= Ruby Yang =

American film producer

Ruby Yang (杨紫烨 (楊紫燁)) is an accomplished Hong Kong-born American filmmaker and educator who currently heads the School of Future Media at the University of Hong Kong. Yang's work as a documentary filmmaker has earned her an Academy Award, two Academy nominations, and numerous other accolades, including an Emmy, the DuPont-Columbia Journalism Award, FilmAid Asia's Humanitarian Award, the Global Health Council Media Award and two IDA Pare Lorentz Award nominations. Since joining HKU in 2013, Yang has taught documentary filmmaking at the Journalism and Media Studies Centre (which has become a foundation division of the School of Future Media) and completed four documentaries. In 2015, she was honored with an Honorary Fellowship from The Hong Kong Academy for Performing Arts for her achievements and contributions to the performing arts. In 2018, she received the prestigious Artist of the Year (Film) award at the Hong Kong Arts Development Awards, recognizing her impact as a documentarian.

==Biography==
Yang was born in Hong Kong. She moved to the United States in 1977 to study filmmaking at the San Francisco Art Institute. After graduation, she worked as an editor on many Chinese American documentaries and mainstream Hollywood films.

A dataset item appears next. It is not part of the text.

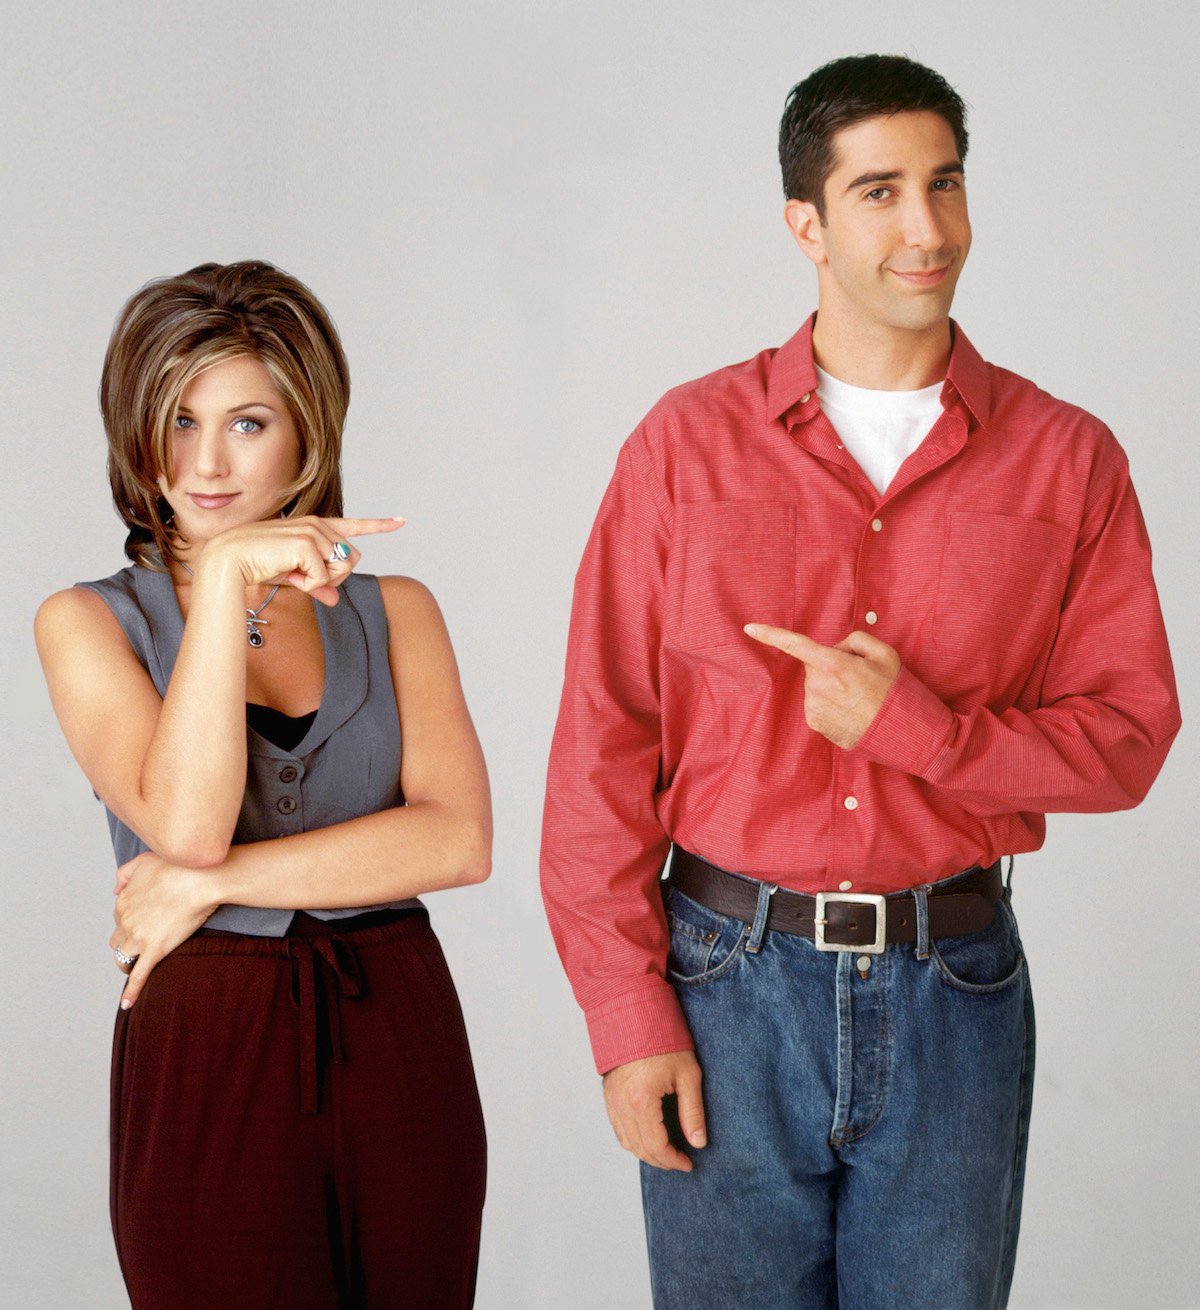 Friends: 60% of People Think Ross and Rachel Were on a Break

Yang relocated to Beijing in 2004 and moved back to Hong Kong in 2013. She was appointed by the University of Hong Kong as Hung Leung Hau Ling Distinguished Fellow in Humanities in the fall of 2013.. As of October 2025, Yang is the director of School of Future Media at the University of Hong Kong. Launched in 2025, SFS consists of three pillars: the foundational Journalism and Media Studies Center (which teaches journalism), Documentary and AI Film making, and Global Creative Industries.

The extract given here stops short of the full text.